= The Journey (Palladium) =

Tabletop role-playing game supplement

The Journey is a 1982 role-playing game supplement for The Mechanoid Invasion published by Palladium Books.

==Contents==
The Journey is a supplement which features new equipment, vehicles, powers, weapons, and creatures, intended for use by the human colonists on the planet Gideon as well as the invading Mechanoids.

==Reception==
William A. Barton reviewed The Journey in The Space Gamer No. 59. Barton commented that "In short, just too many ideas and too many improbabilities are crammed into The Journey for it to really stand as a viable extension of its far-superior predecessor. Still if you did enjoy The Mechanoid Invasion and wish to add some of the new equipment, etc., to your continuing struggle on Gideon – or if a science fantasy quest through the pipelines of the mother ship actually appeals to you – then you might find The Journey worth your time to look into in spite of it all."

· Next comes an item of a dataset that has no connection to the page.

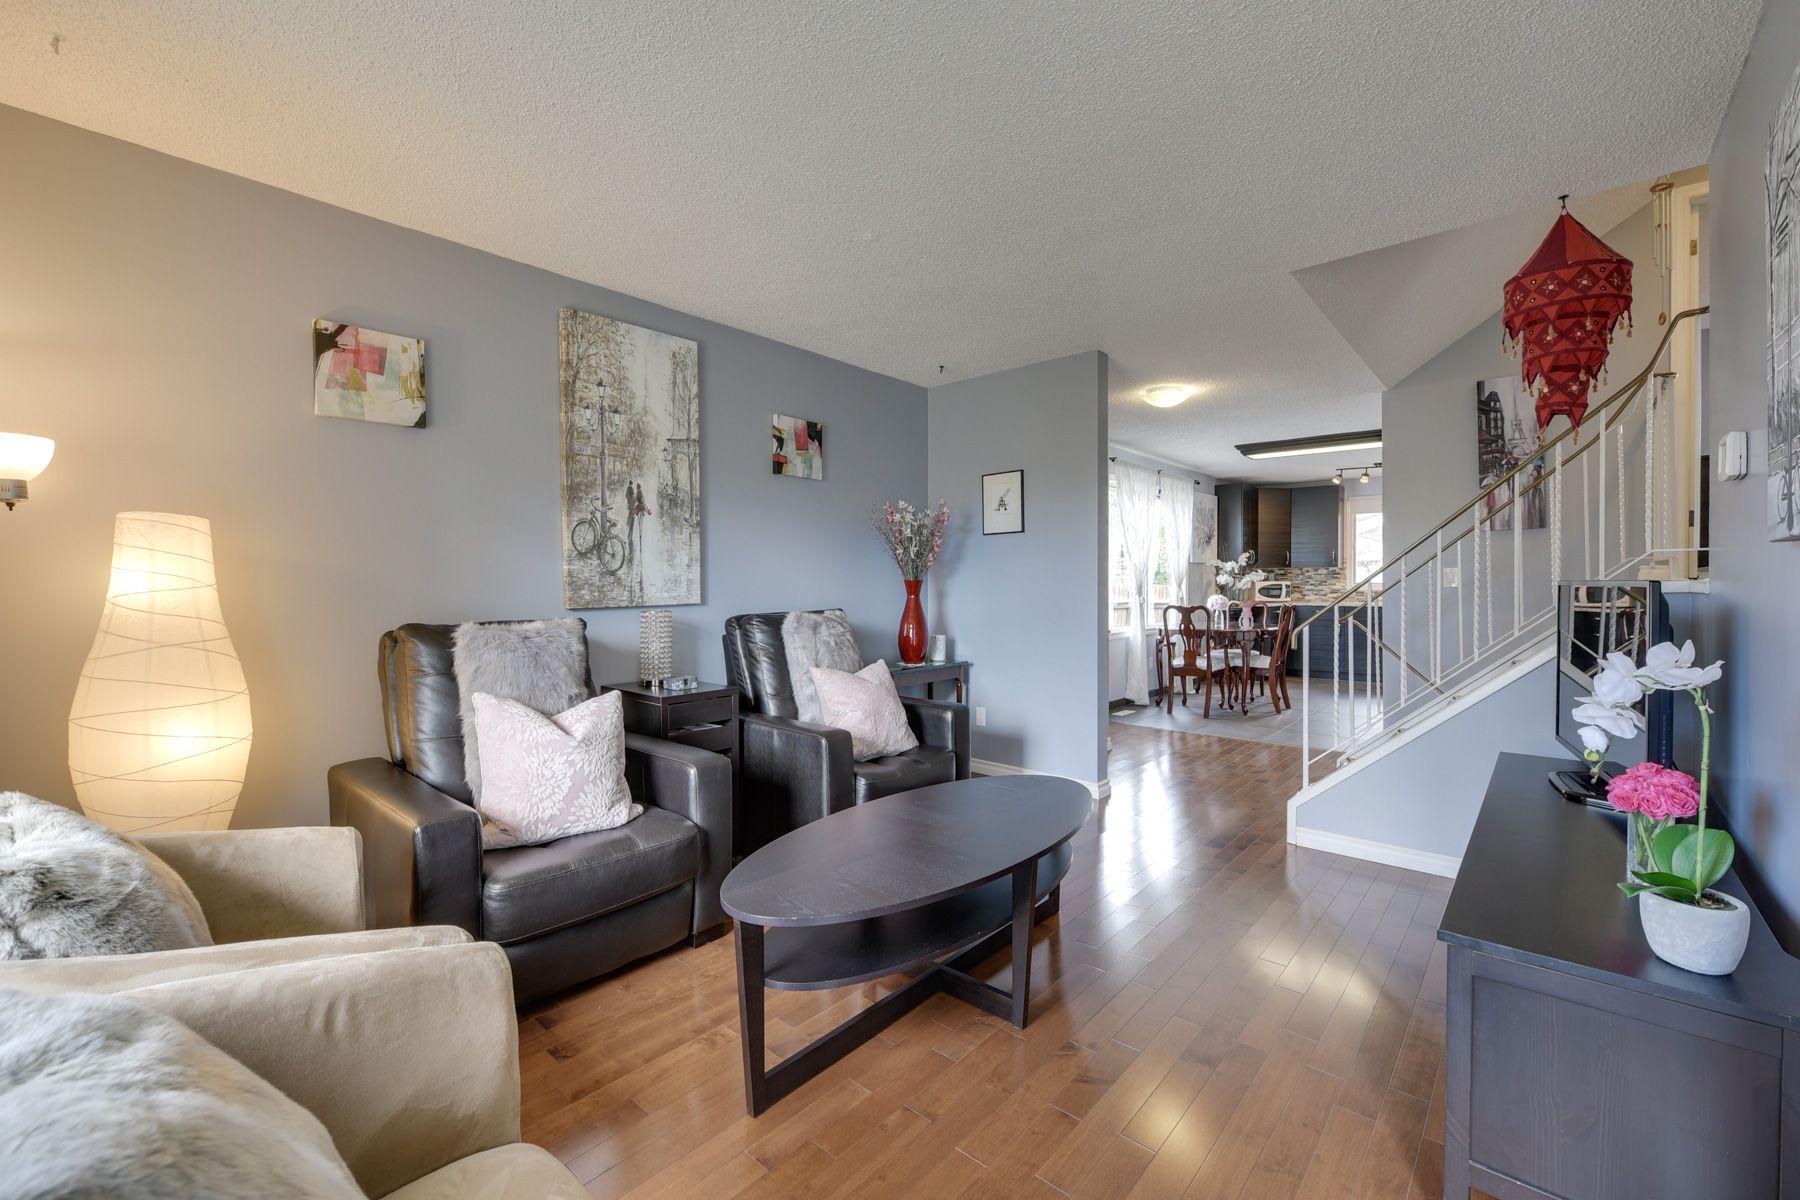 Main Photo: 11912 - 138 Avenue: Edmonton House Duplex for sale : MLS®# E4118554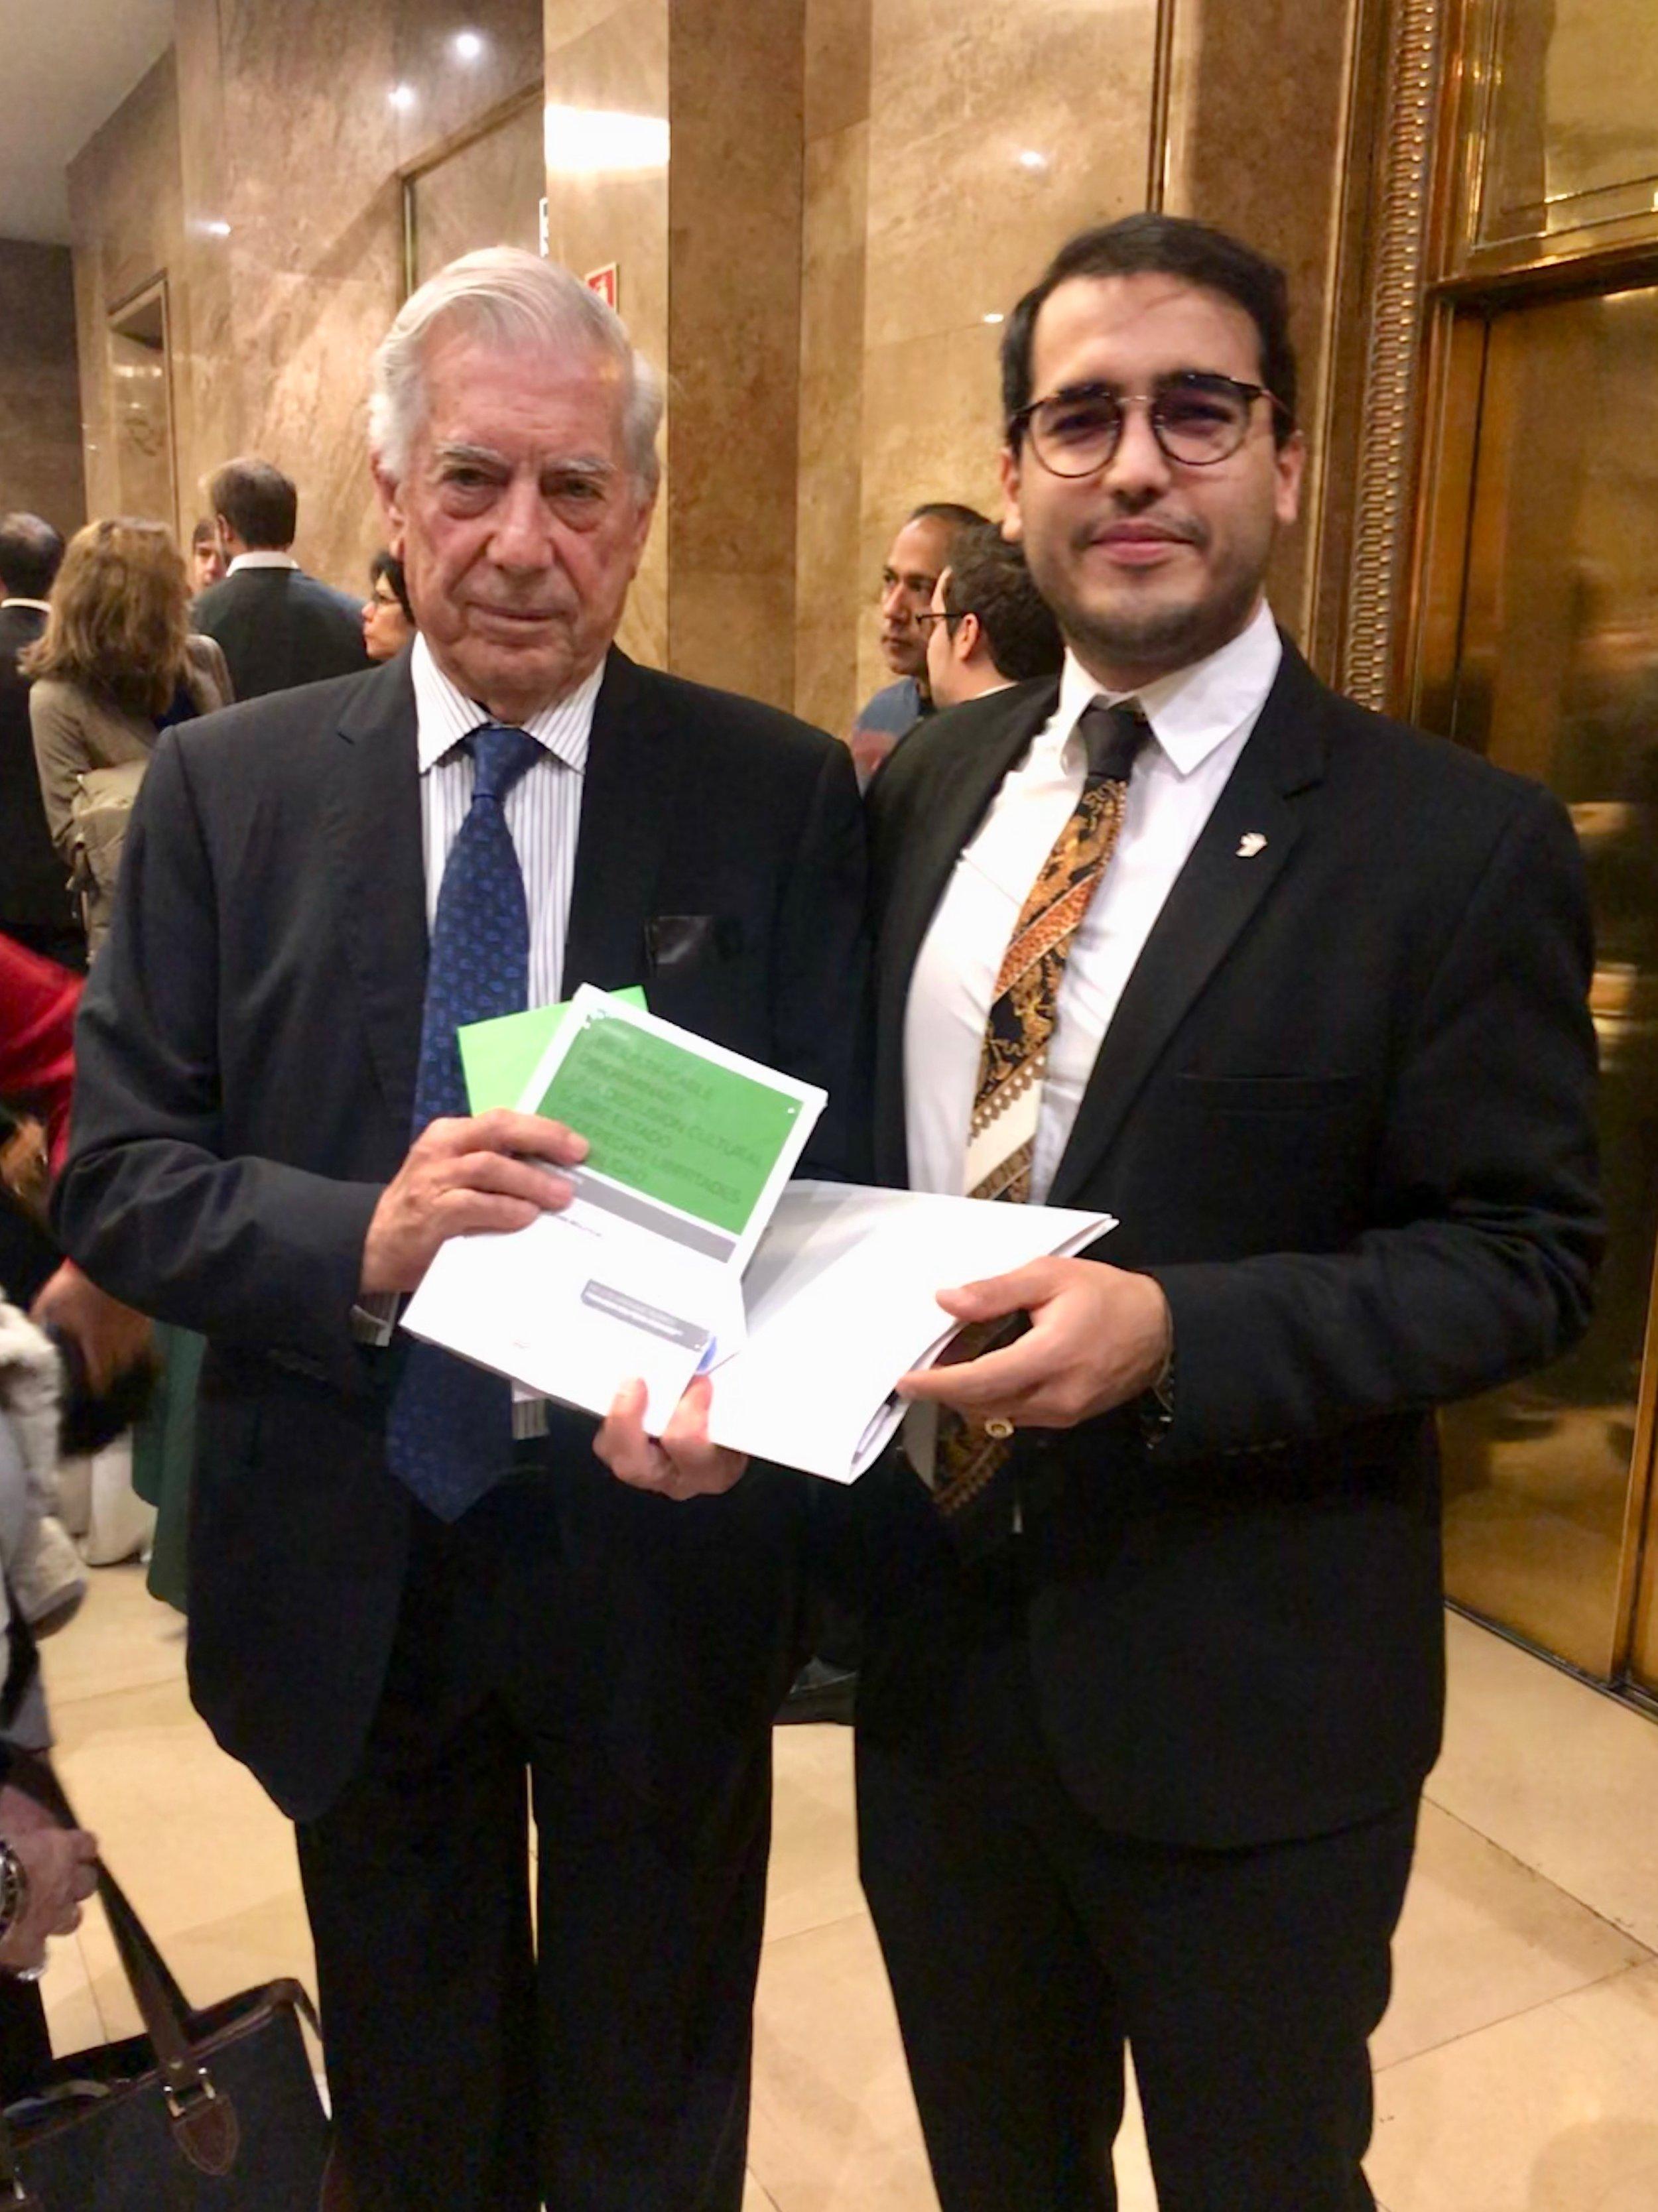 Duarte entrega libro a Mario Vargas Llosa

Ken Rolston reviewed The Journey for Different Worlds magazine and stated that "The final disappointment comes with the section on magic. The first page is illustrated by a guy with a staff, cape, and a headdress adorned with goat horns. I was not particularly happy with the psionics system; I am no fan of arbitrary and extensive spell lists, particularly in a science-fiction game, but there is ample precedent in the literature for psionic powers, though seldom in such profusion and lack of coherence. However, the bald introduction of D&D-style magic struck me as a final abdication from science-fictional credibility."